Eight homes were evacuated. Two more industries went up in flames over the winter.
People began to worry, and to ask questions about the industries in their midst, as well as conditions at the sports field, which was built over a former garbage dump.
“The fires have had the potential to be catastrophic,” Ferreira says. “It hits close to home … It’s very hard to protect yourself and your family if you don’t know what exists next door.
“In many places across the city, you don’t know.”
Even if Toronto and the province passed a right-to-know law, it wouldn’t be a bold move. Several American cities and states require disclosure, and the U.S. government collects a great deal of information that’s easily accessible on the Internet.
It was another fire, this one at a Union Carbide chemical plant in Bhopal, India, that led to these measures.
When it exploded in December 1984, the plant blasted 40 tonnes of isocyanate over people who had no idea of the danger.
At least 20,000 were killed in the disaster which sparked demands around the world for the right to know about hazards.
Despite city council agreeing in principle in 1985 to legislation that would require facilities to fully disclose onsite chemicals, it went nowhere, nor did a 2000 resolution.
The federal, provincial and city governments have taken some steps, but they cover only part of the problem, and much of the data they collect are either kept hidden from the public or very difficult to get at.
As a result, fewer than 300 Toronto emitters – including eight from Maclure’s neighbourhood – are on NPRI.
The government claims that, despite its limitations, NPRI has cut emissions by 27 per cent since it was established in 1993. The more extensive U.S. system claims a 41 per cent reduction.
But the sampling covers just 38 chemicals, and results appear only through drawn-out freedom-of-information requests.
Last summer, the city’s medical officer of health, Dr.

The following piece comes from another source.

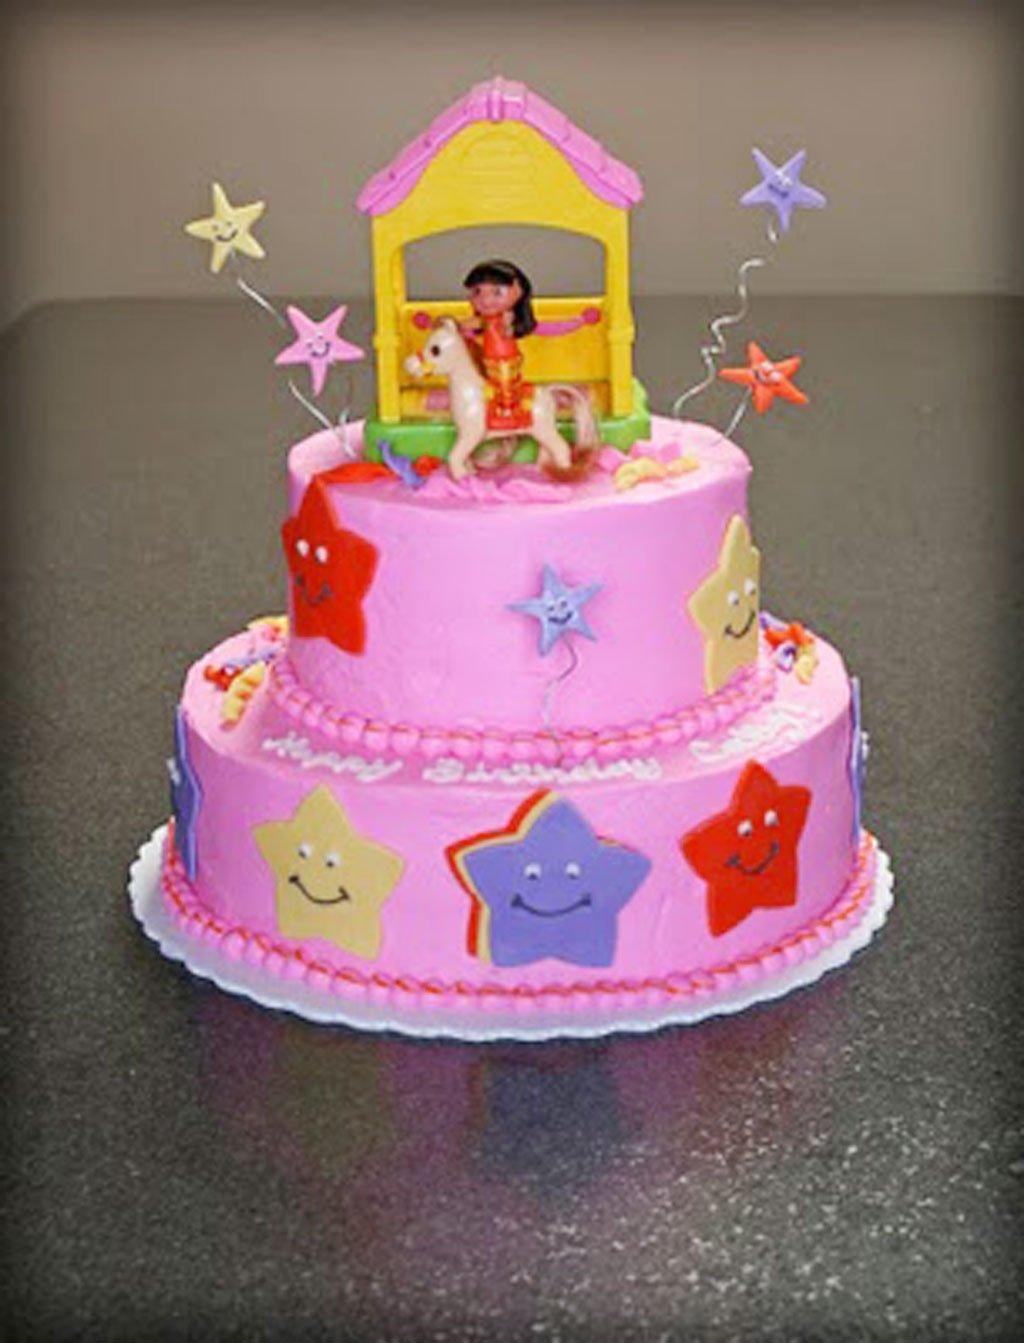 10 Awesome Dora The Explorer Cake Ideas dora the explorer birthday cake design birthday cake cake ideas 2021
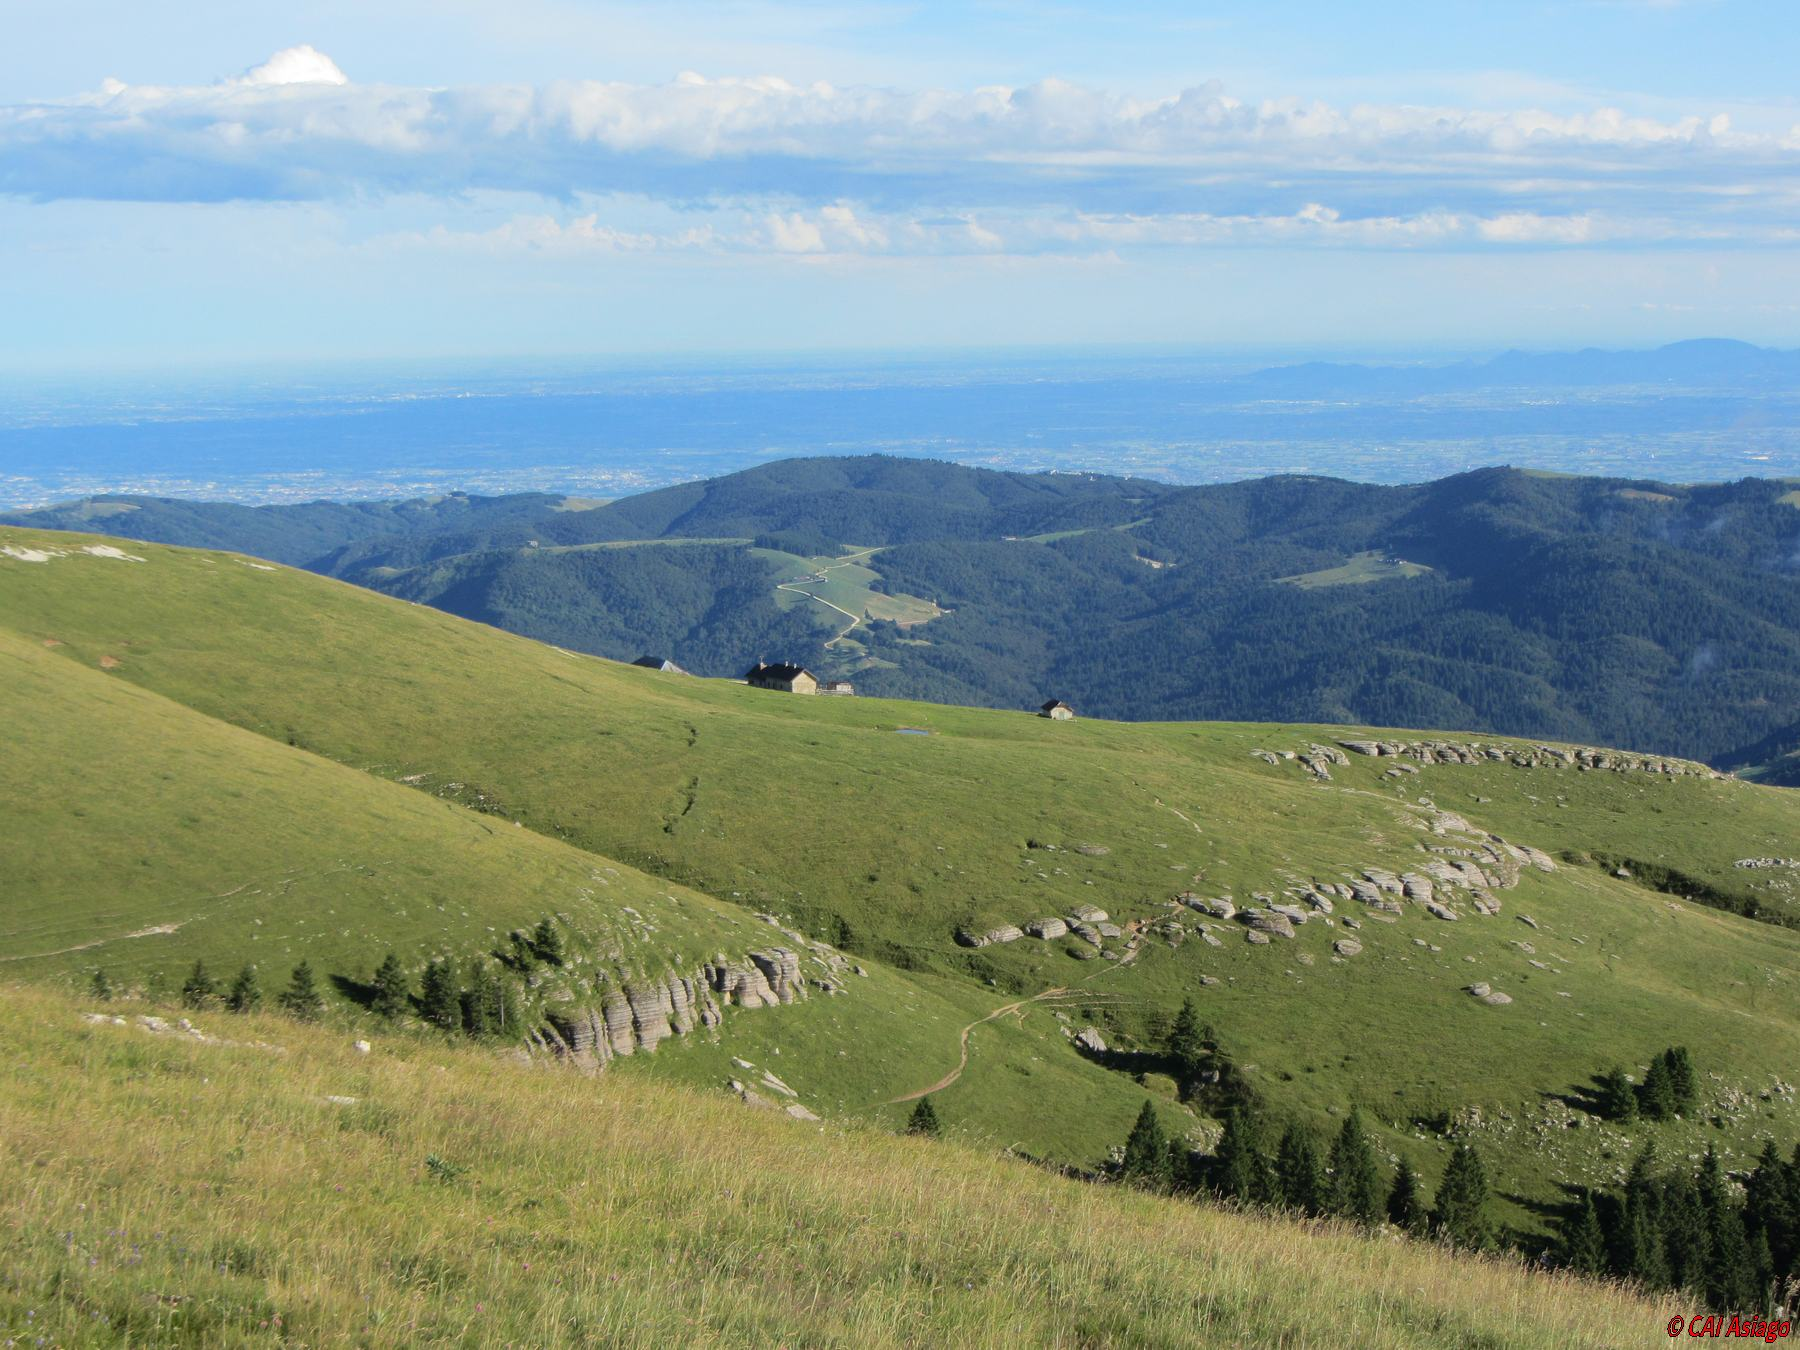 Verso Malga Montagna Nova

David McKeown, concluded: “There is still important information … relevant to (Toronto) residents … that is neither collected nor made readily available.”
Experience shows that most polluters won’t clean up voluntarily, and that the glare of publicity will persuade them to act, says Lina Cino of the Toronto Environmental Alliance.
“When we go to a restaurant we have a system where, if the restaurant has failed an inspection, there’s a yellow label. We should also have those warnings in neighbourhoods.”